Кошмарное пробуждение: кругом была светлая лунная ночь. Она не лежала, как думала, в своей постели, она тряслась с крепко стянутыми за спиной руками, со связанными ногами на дне разболтанной двуколки, которая подскакивала на буграх и выбоинах дороги (и дерево стонало: «ух! ух»), а пустые бидоны и ящики сталкивались и грохотали, словно барабаны и тарелки. Ветер завывал в ветвях над дорогой. Плотно набитый мешок с известью или гипсом при каждом толчке бил ее по животу. Перед ней чернели мощные плечи двух расположившихся на сиденье мужчин. Один молча правил, и другой к нему не обращался. Как они схватили ее? Вероятно, чем-то одурманили, и потому она спала таким тревожным сном, потому проснулась так поздно и ничего не помнит о том, что с ней случилось. Или это сейчас она видит сон?

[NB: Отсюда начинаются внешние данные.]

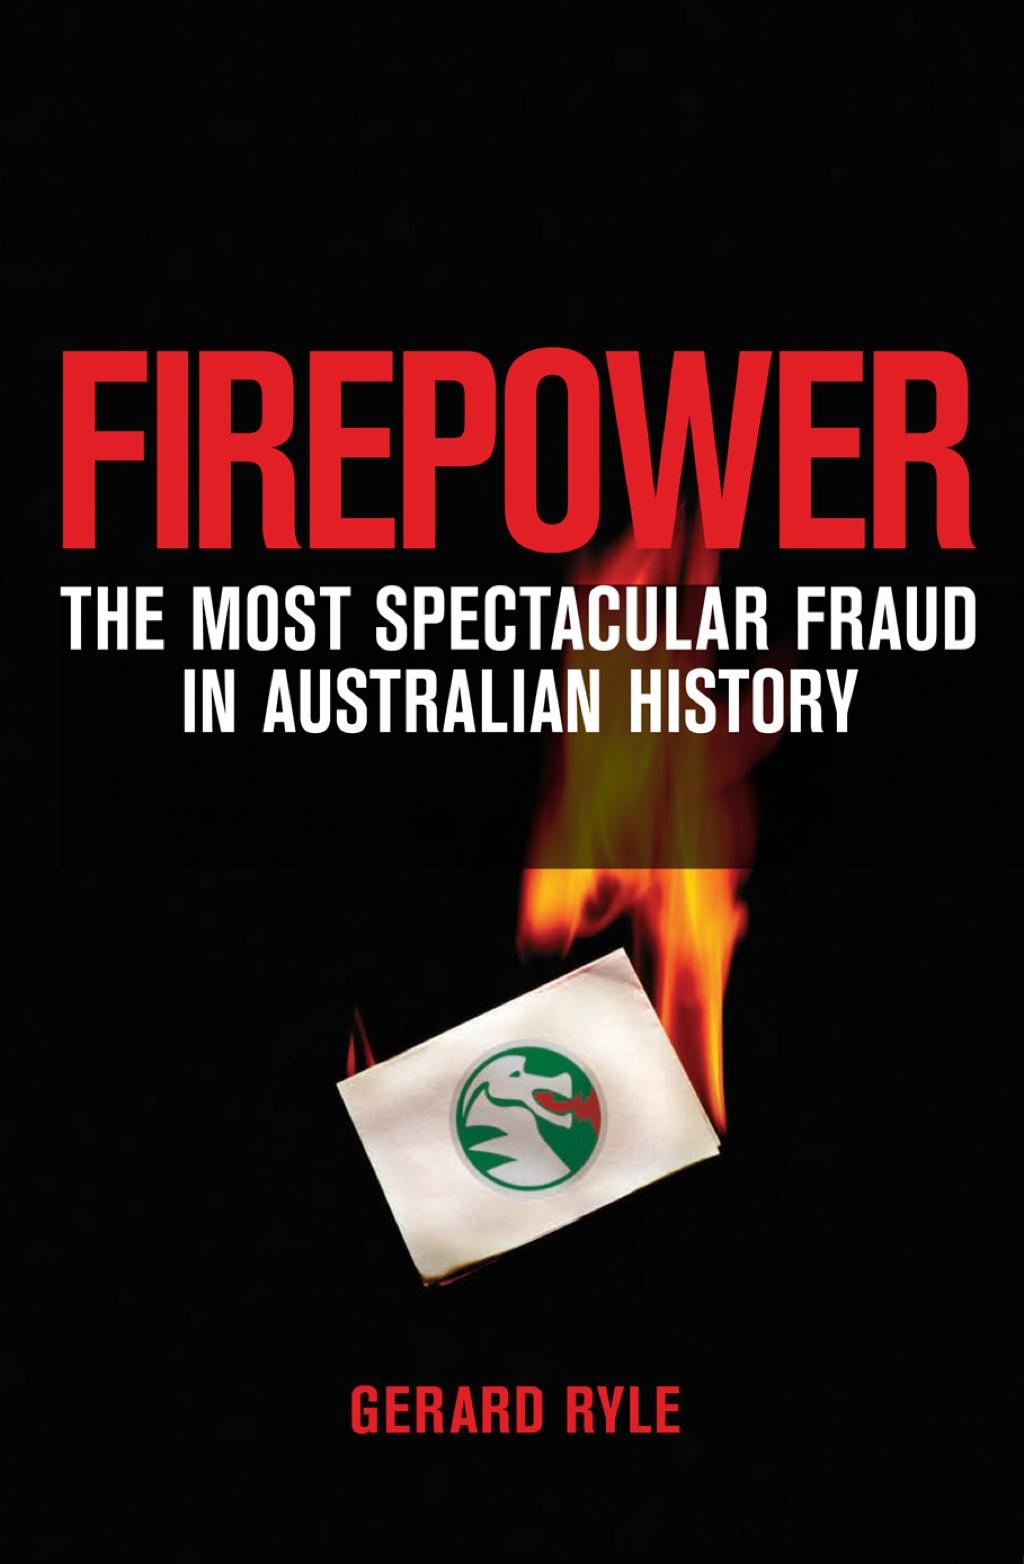 Firepower (eBook)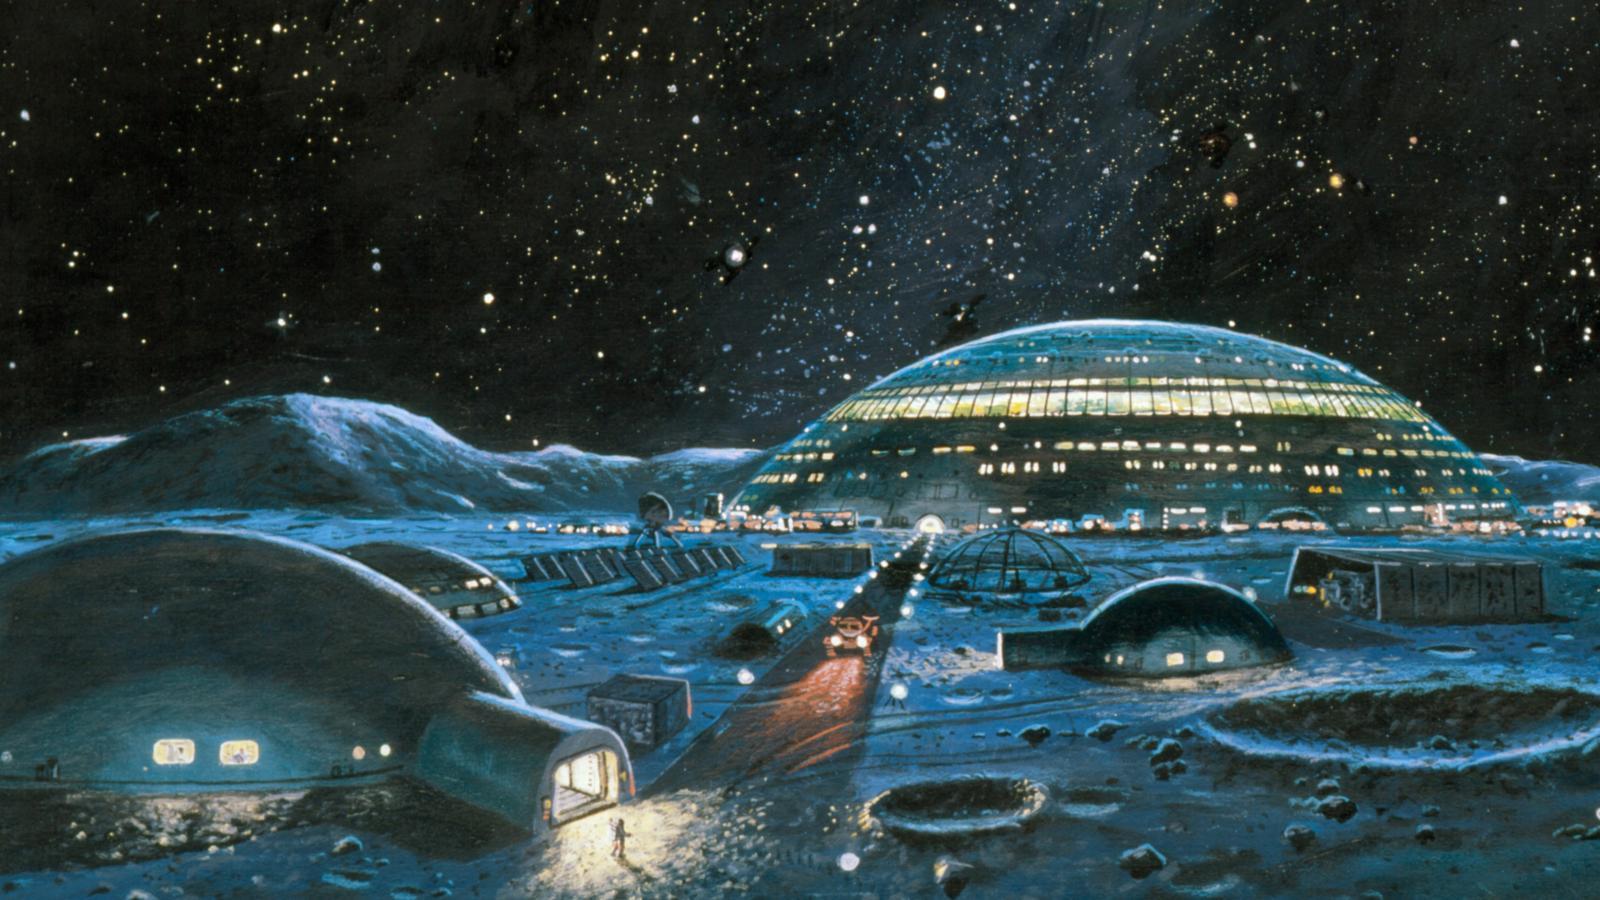 La NASA planea construir un campamento base lunar

Она снова закрыла глаза, по привычке толкнула мешок животом, надеясь выбраться из этого дурного сна и оказаться наконец в своей постели или вернуться в бальный сон к бразильцам. Но нет, ей это не удалось, может быть, не хватило времени, ничего не изменилось, и двуколка стала. Они положили ее перед ямой у обочины длинной, прямой и пустынной лесной дороги, рядом с ней положили белый в лунном свете мешок. Они не развязали ее; они не прикасались к ней без необходимости. Должно быть, обо всем условились заранее, потому что не произнесли ни единого слова. Она увидела: каждый достал свой нож и открыл его; она почувствовала: два лезвия разом вонзаются в ее левый и правый бок, выходят, затем ощутила, как воздух вытекает у нее между ребер. «Бразильцы?» — подумала она еще, стиснув зубы, а потом обмякла, и все кончилось.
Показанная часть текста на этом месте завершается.